3. A shield unit as claimed in claim 1, wherein the first ring and the shaft of the prime mover are connected by means of a gear mounted on the shaft and engaged with a third ring gear provided on an outer surface of a ring element positioned coaxially with the first ring and rigidly coupled therewith.
4. A shield unit as claimed in claim 1, wherein the rock discharge mechanism comprises a tubular element positioned co-axially with the first ring with provision for rotating, an end of the tubular element nearest to the cutting tool having screw conveyor blades connected with a conveying screw of a conveyor having a pipe co-axially positioned in the tubular element and provided with an inlet-pipe connection in an area of the screw conveyor blades.
5. A shield unit as claimed in claim 4, wherein the screw conveyor blades and the conveying screw of the conveyor are connected with each other by means of plates positioned radially with respect to a geometric axis of the cylindrical shell, one end of each plate being fitted to the conveying screw and another end of each plate being fitted to a respective screw conveyor blade.
6. A shield unit as claimed in claim 1, wherein the rock discharge mechanism and the traversing mechanism are connected with each other by means of plates positioned radially with respect to a geometric axis of the cylindrical shell, one end of each plate being fitted to an end of the first ring, and another end of each plate being fitted to an outer surface of the rock discharge mechanism.
7. A shield unit as claimed in claim 1, wherein the means for preventing rotation of the tail section in rock comprises trapezoidal plates positioned radially with respect to a geometric axis of the cylindrical shell, larger bases of the trapezoidal plates being fitted to an outer surface of the tail section.

1. Field of the Invention

The present invention relates to the mining industry, construction and transport, and more particularly it relates to shield units.

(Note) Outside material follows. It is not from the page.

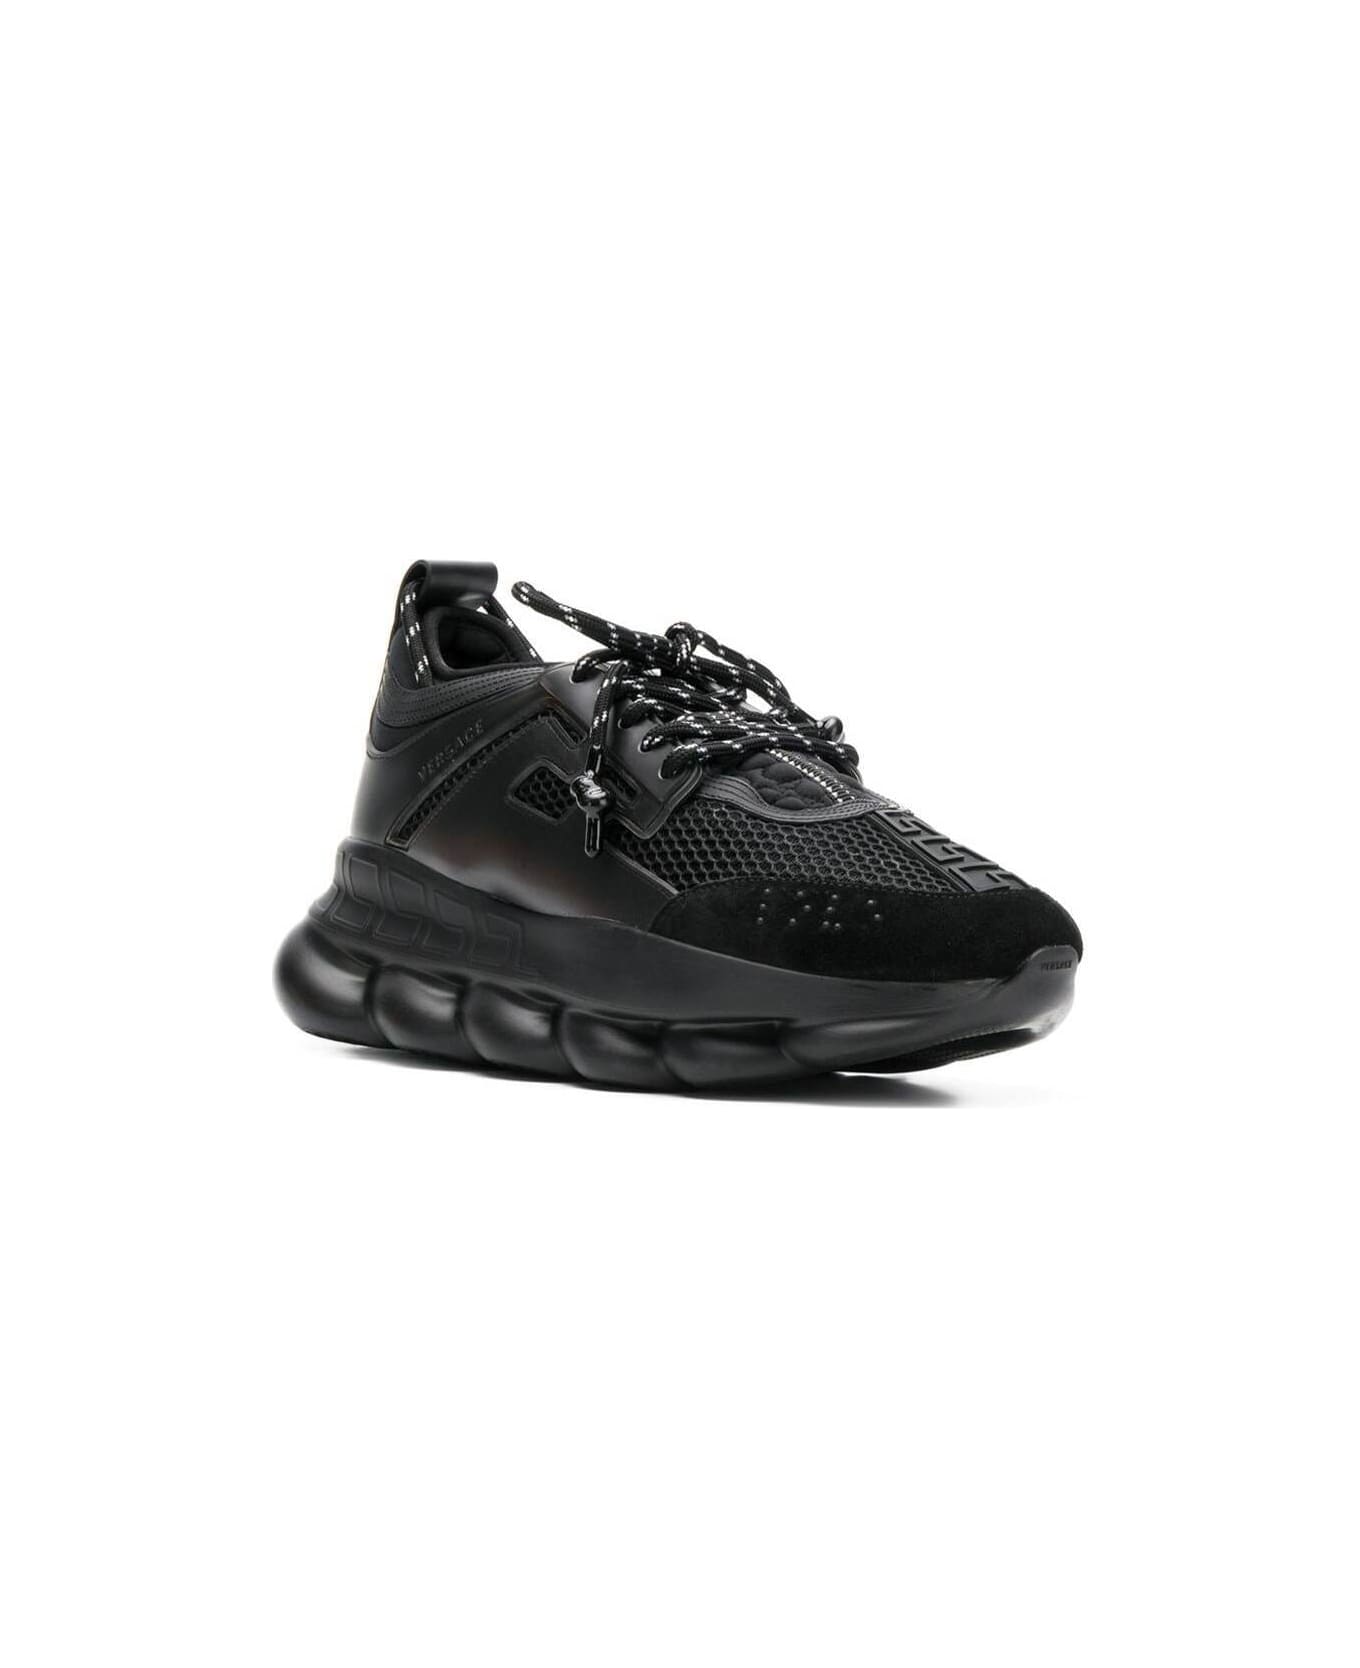 Versace Black Mesh And Leather Chain Reaction Sneakers  Versace Man - Black

The present invention can find most efficient application in mining, tunnelling, coal chuting, as well as in driving workings for switchgears and power plants.

2. Description of the Related Art

There is known a shield unit (SU, A, 1229354), comprising a cylindrical shell made up of two sections (head section and tail section) arranged in succession one after the other which are connected by means of a traversing mechanism, the head section being provided with a cutting tool, its outer portion having a helical surface, and the tail section being outfitted with a device preventing its rotation in rock. The tail section of the shield unit consists of two parts, the first one serving as a support in case the head section turns or moves and the second one serving as a support in case the first part of the tail section turns or moves. A helical surface is provided on the outer portion of the tail section. The traversing mechanism includes two groups of double-action hydraulic jacks. The first group of hydraulic jacks is used for turning and axial movement of the head section relative to the tail section. The second group of hydraulic jacks is used for turning and axial movement of the first part of the tail section relative to its second part. Each hydraulic jack is in fact a cylinder with a piston and a rod. The cylinders of hydraulic jacks of the first group are hinged to the inner surface of the first part of the tail section and their rods are hinged to the inner surface of the head section. The cylinders of hydraulic jacks of the second group are hinged to the inner surface of the second part of the tail section and their rods are hinged to the inner surface of the first part of the tail section. The device preventing rotation of the tail section includes two groups of double-action hydraulic jacks positioned in the first and second parts of the tail section, each part accommodating one group of the hydraulic jacks. The cylinders of these hydraulic jacks are hinged to the inner surface of the tail section and their rods are hinged to plates. One end of each plate is hinged to the inner surface of the tail section, while its other free end passes through a hole in the tail section to come into contact with rock. A provision is made for a rock discharge mechanism, which is in fact blades positioned radially about the geometric axis of the cylindrical shell and rigidly fixed to the cutting tool of the head section. The rock discharge mechanism is also provided with haulage facilities of any known type, say, cars.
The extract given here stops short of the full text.